TO DO:
Leave the pictures out. Return the rest of the listing below exactly.

DATA BELOW:
────────────────

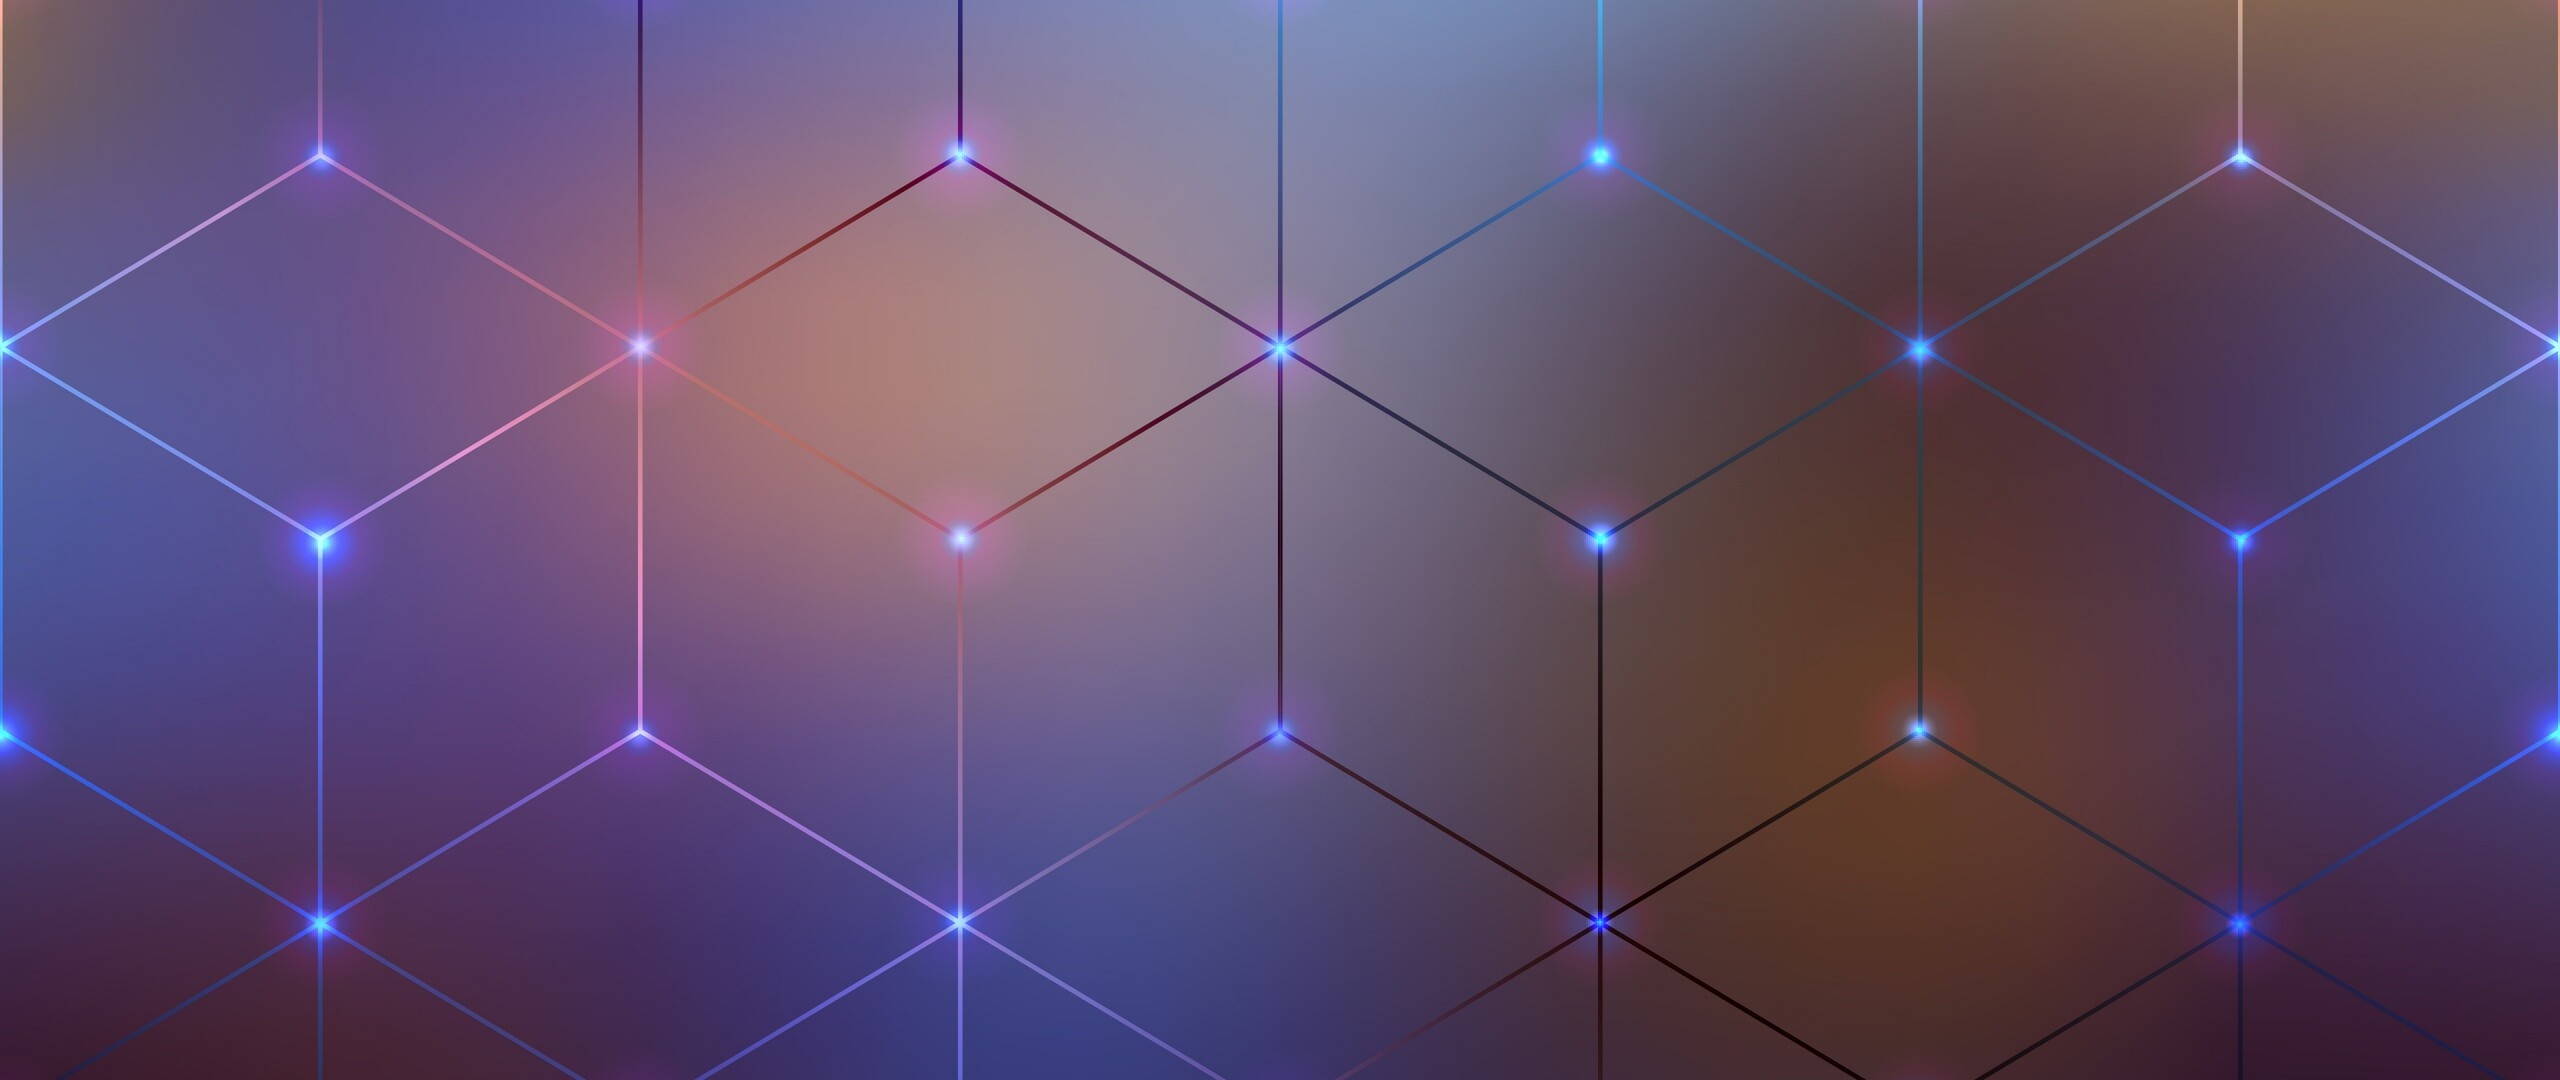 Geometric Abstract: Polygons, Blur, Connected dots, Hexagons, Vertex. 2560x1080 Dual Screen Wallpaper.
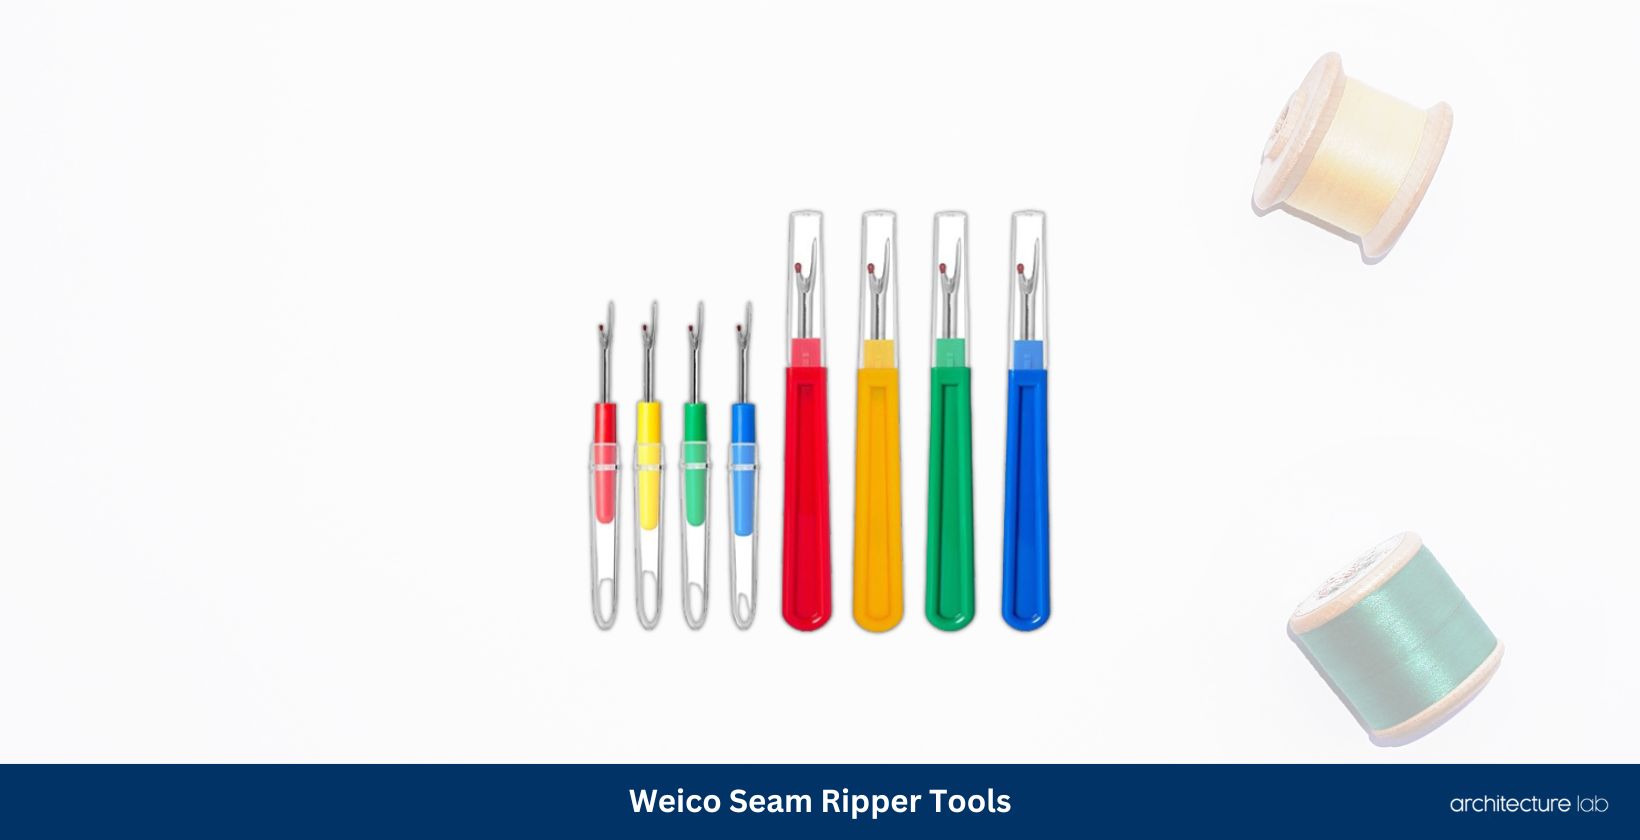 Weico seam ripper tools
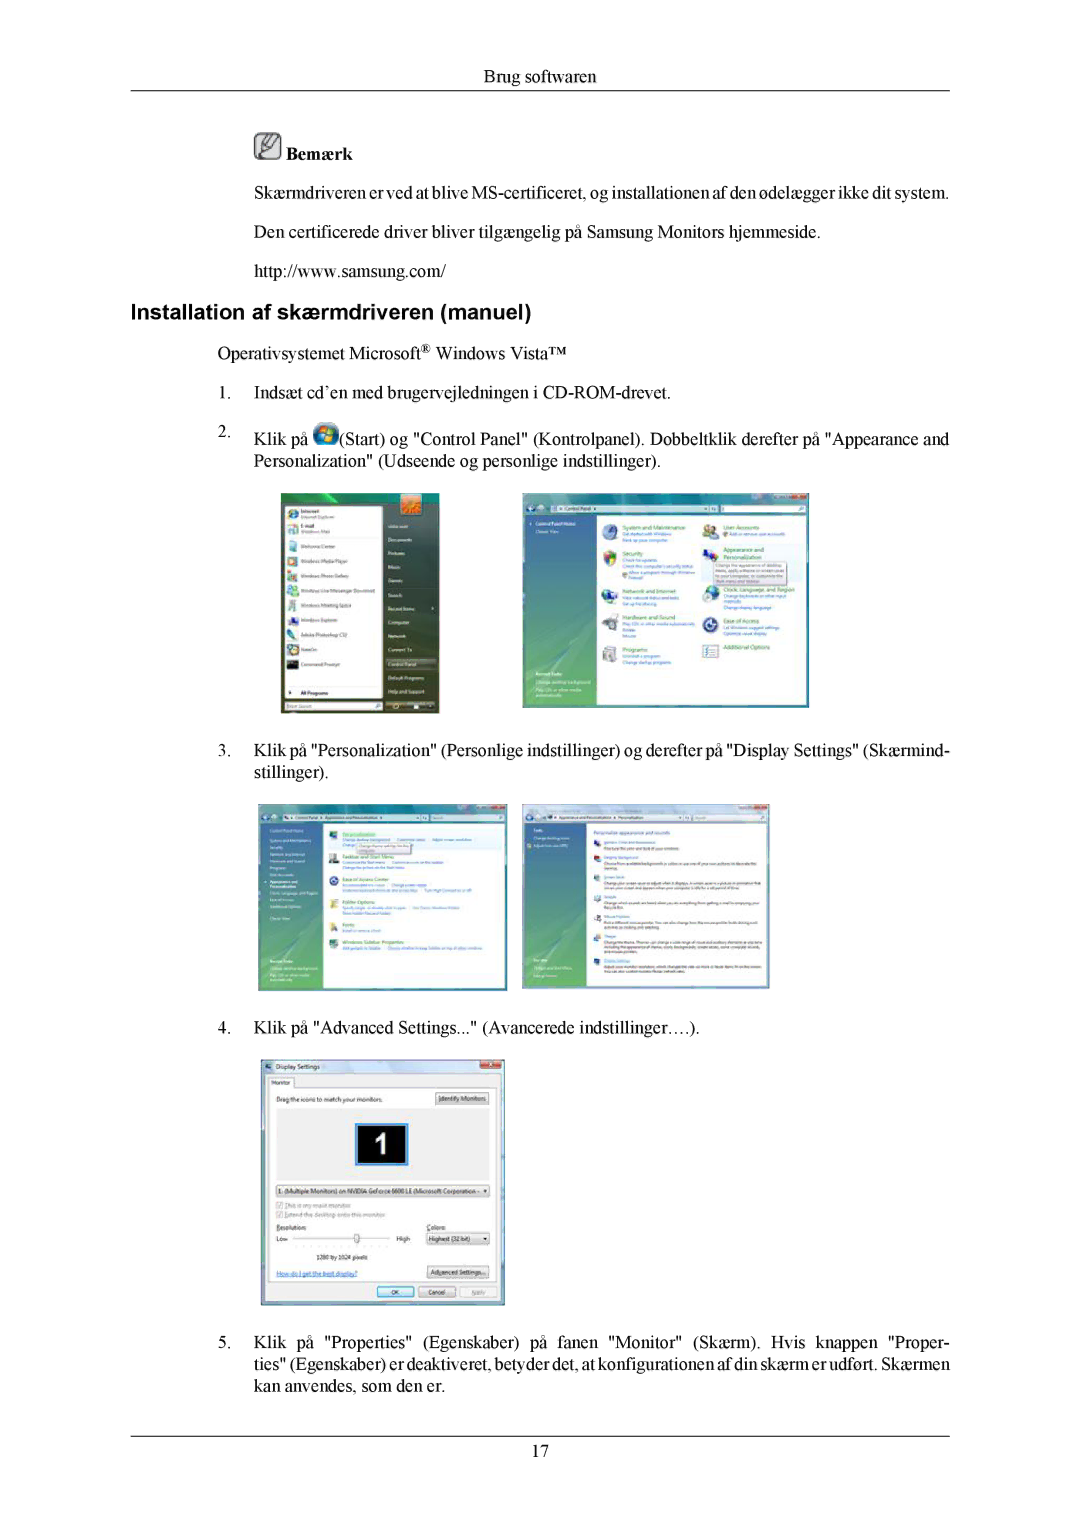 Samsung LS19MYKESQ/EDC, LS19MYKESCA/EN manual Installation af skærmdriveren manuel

────────────────

WORKED SOLUTION:
 Geometric Abstract: Polygons, Blur, Connected dots, Hexagons, Vertex. 2560x1080 Dual Screen Wallpaper.
 Weico seam ripper tools
 Samsung LS19MYKESQ/EDC, LS19MYKESCA/EN manual Installation af skærmdriveren manuel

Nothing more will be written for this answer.